The substantial contribution of industry comes about because the distribution of employment across detailed industries is quite different for immigrants and natives. This seems somewhat surprising given that the distribution across sectors in Table 1 shows only modest differences. To explore this, we split the contribution into differences in immigrant employment by sector and then into the contributions of detailed industry within-sector. This split is somewhat sensitive to how the detail is specified, but using the modal three-digit industry within each sector as omitted categories (as we do here), differences across broad sectors (particularly the high share of immigrants in manufacturing) and differences across detailed industries within services both appear to be important.
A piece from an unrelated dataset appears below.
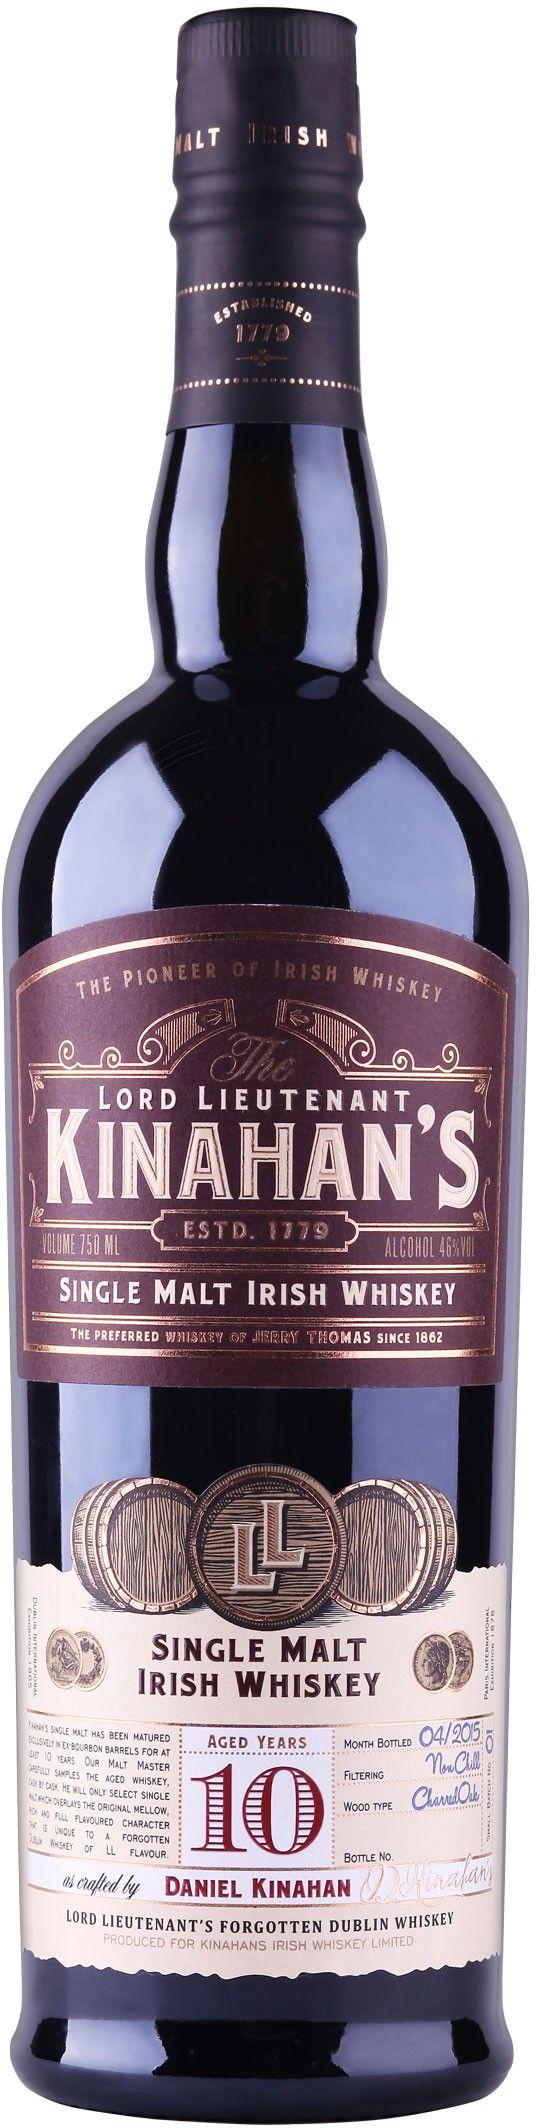 Kinahan's 10 Year Old Single Malt Irish Whiskey   @Caskers

The other striking result is the almost one-third contribution of residential segregation across census tracts within MSAs. As noted in previous literature, this points to a very strong relationship between living and working with immigrants. Note that neither of the other tract-level variables (the network index and the shared commute index) accounts for much of the concentration. The network variable has a positive and statistically significant effect (not reported here), which is consistent with the hypothesis that network effects increase the likelihood of working with immigrants. However, the network variable cannot account for much immigrant concentration because there is little difference between immigrants and natives in its mean value. This latter point is important for interpreting the results of Table 2. Other factors such as establishment size and firm age interacted with multi-unit status have statistically significant estimated effects (not reported here) but account for relatively small shares of immigrant concentration because mean values differ little between immigrants and natives.
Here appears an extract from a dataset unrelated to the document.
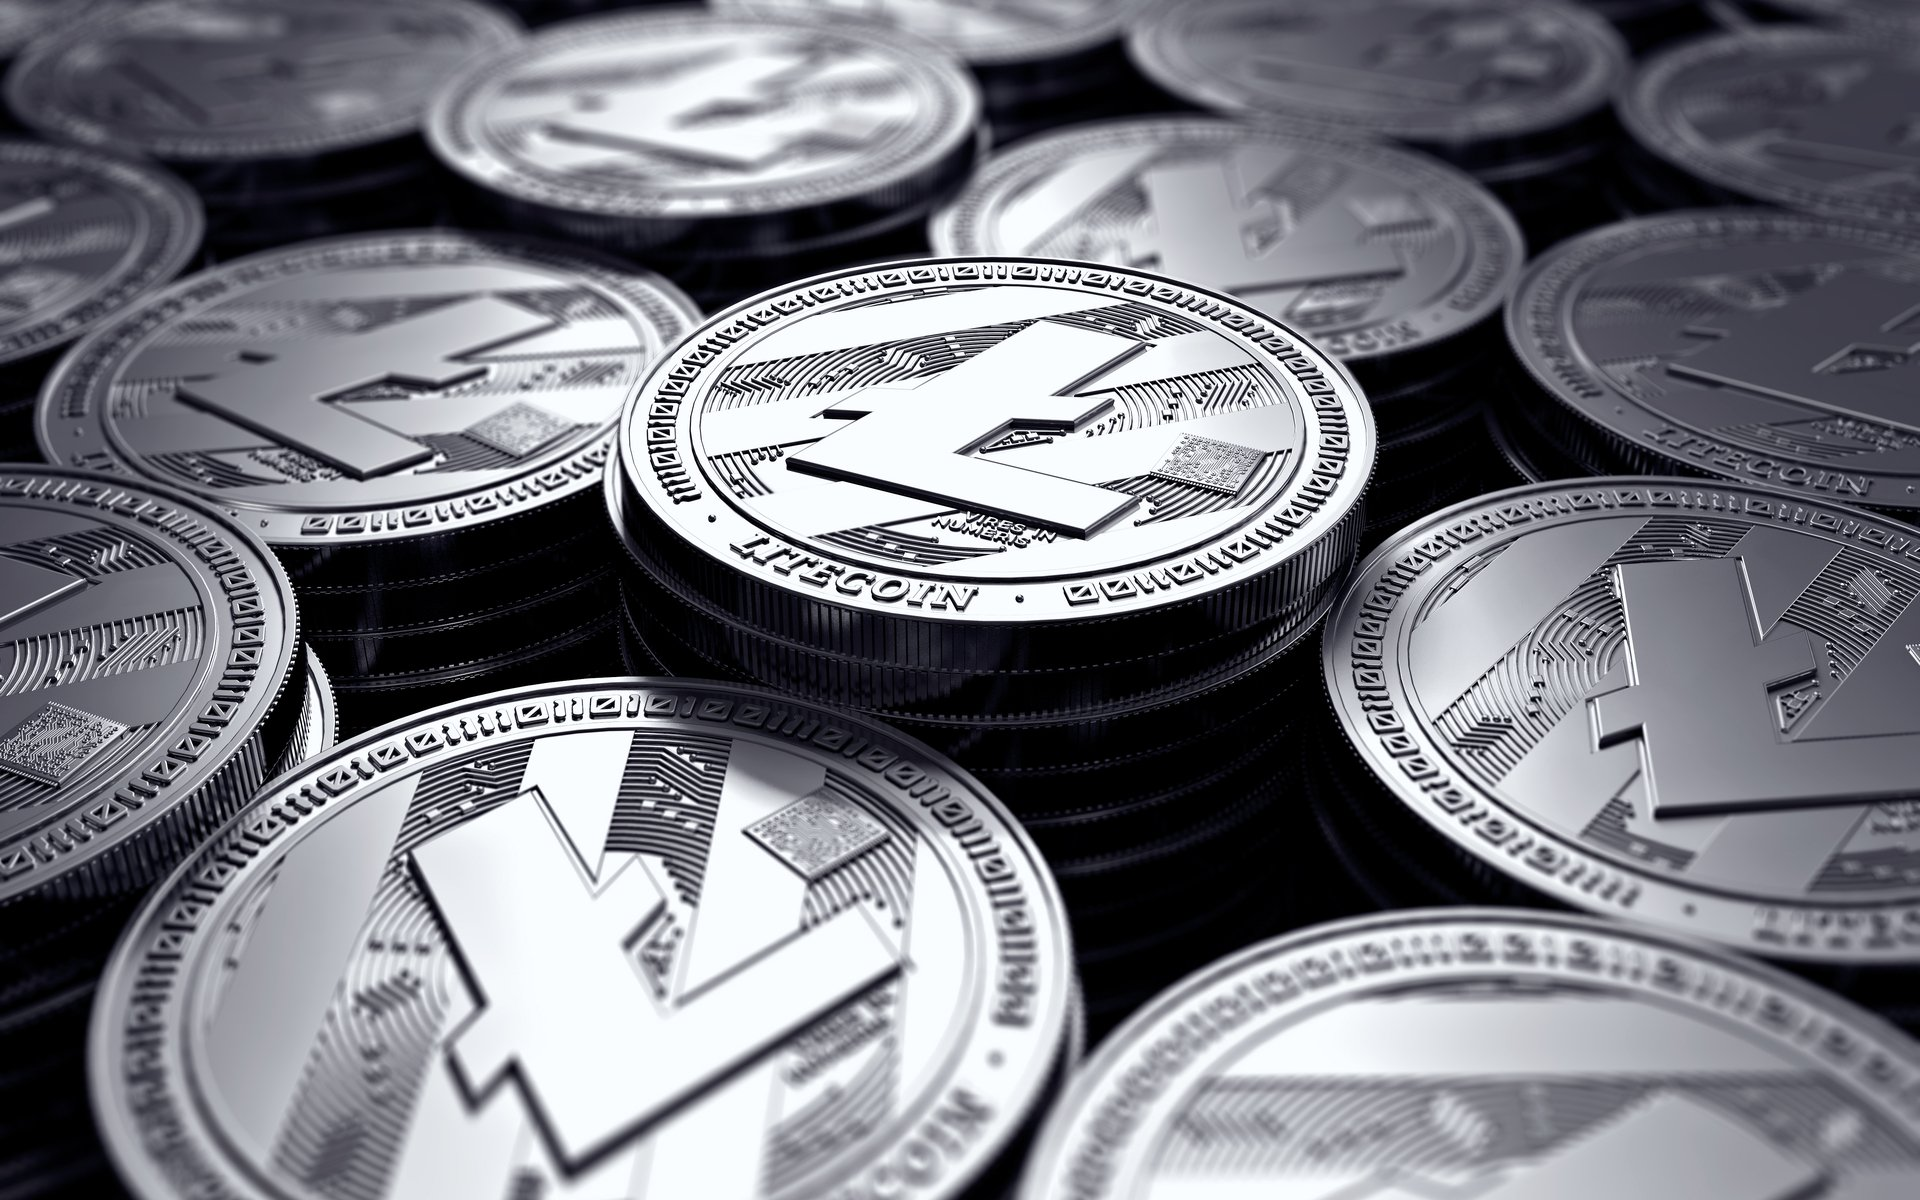 Litecoin Foundation to Sponsor UFC Title Fight in Bid to Increase Crypto Adoption

The second column of Table 2 performs the same exercise except that for immigrants, the dependent variable is the fraction of coworkers from non-U.S. countries other than their own. With this specification, γI is positive if immigrants are more likely to have coworkers from other source countries than natives are to have immigrant coworkers. Row 1 shows that roughly one-quarter of workplace concentration stems from this cross-source-country concentration. Row 2 shows that controlling for worker, firm, and locational factors entirely explains this excess probability of working with noncompatriots. Looking at the decomposition, it is clear that firm and locational factors play a more important role than do worker characteristics in explaining why immigrants work with noncompatriots. This concentration largely reflects that some industries have large immigrant workforces (from various countries of origin) and that living in a tract with a high fraction of immigrants has a strong association with the chances of working with both immigrants from other countries and with compatriots. In the next section, we examine this novel finding about the difference in how much we can account for own country versus other country concentration for immigrants.
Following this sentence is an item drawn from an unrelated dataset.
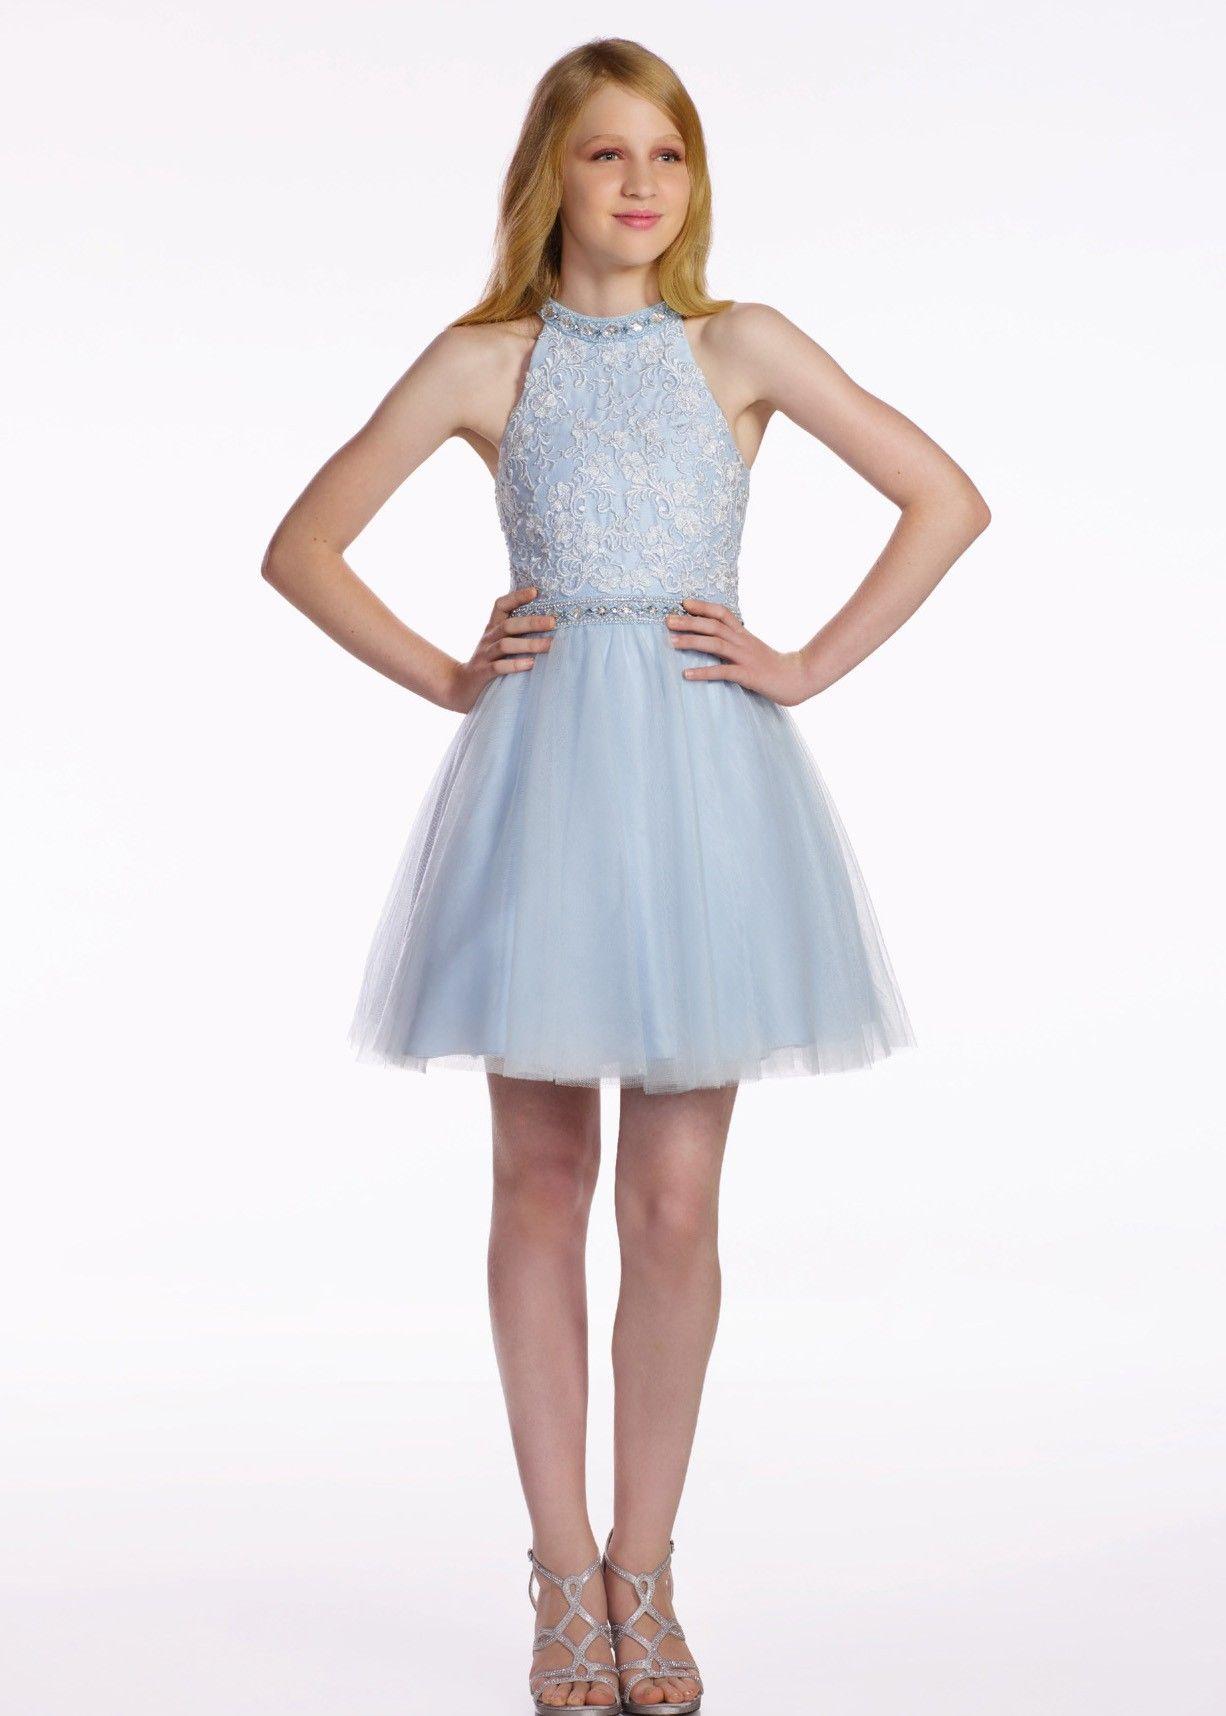 Lexie by Mon Cheri TW11662 Tween High Neck Beaded Lace Dress

Our data permit further exploring patterns of concentration by examining how they vary by country of origin. That is, we can estimate how likely it is for an immigrant from Mexico (for example) to have coworkers who are from Mexico versus those who are from El Salvador or China. We then explore differences across countries of origin in the factors accounting for within country-of-origin concentration. To make this manageable, we rank countries of origin by their share of employment in our sample and then carry out some analyses separately for immigrants from the 18 largest source countries. Table 3 lists these countries and gives their sample shares in the first column.17 In the row labeled “Other,” we group immigrants from the many source countries with smaller shares than those on our list. The remaining columns of Table 3 present statistics on three factors that are potentially important for patterns of concentration: English language proficiency, the share of neighbors who are immigrants, and levels of education.
As we emphasized in discussion of the Gelbach decomposition, for a characteristic to have a sizable effect on concentration, the difference between its mean for immigrants and for natives must be large. Unsurprisingly, immigrants from other English-speaking countries such as Great Britain, Canada, and Jamaica report English skills much like those of natives, but immigrants from Germany are also very unlikely to report difficulties with English. For these countries, language skills cannot be important, but for many of the other source countries with a large share of members with limited English—such as the Dominican Republic and China—language skills could play a sizable role in explaining differences in concentration.
Immigrants from Canada, Germany, and Great Britain also have patterns of residential segregation that closely resemble those of natives, with natives accounting for over 80 % of neighbors. Immigrants from Guatemala and El Salvador stand out as being most likely to live with immigrants from other countries, with Mexico accounting for the majority of their nonnative neighbors. Haitian and Dominican immigrants stand out as having large shares of compatriots among their neighbors, particularly given their sample shares.
Finally, the last two columns of Table 3 show the education distribution by group. As discussed earlier, the immigrant population as a whole includes larger shares of both those who have not completed high school and college graduates than the native population. As Table 3 shows, China is the only single source country that shows this pattern. Immigrants from other countries of origin tend to be overrepresented in either the lower or upper tail of the education distribution relative to natives, but not in both tails.
Table 4 presents estimates of concentration by country of origin for our 18 source countries. Each estimate is from a separate regression. The specifications used are analogs to Eqs. (2) and (3) but with different dependent variables: the country-specific coworker share in the “Own country” columns (e.g., share of coworkers who are Mexican immigrants in row 1), and the immigrant coworker share excluding that country of origin for the “Other country” columns (e.g., share of non-Mexican immigrants among coworkers in row 1). Each estimate is the coefficient on an indicator variable for being an immigrant from that row’s country.18 The first and second columns include only country and MSA dummy variables as controls; in the third and fourth columns, we add the other sets of variables used in Table 2. However, we split the residential segregation measure used in Table 2 into 18 country-specific shares and the remainder, which is the share of neighbors who are immigrants from countries other than those listed.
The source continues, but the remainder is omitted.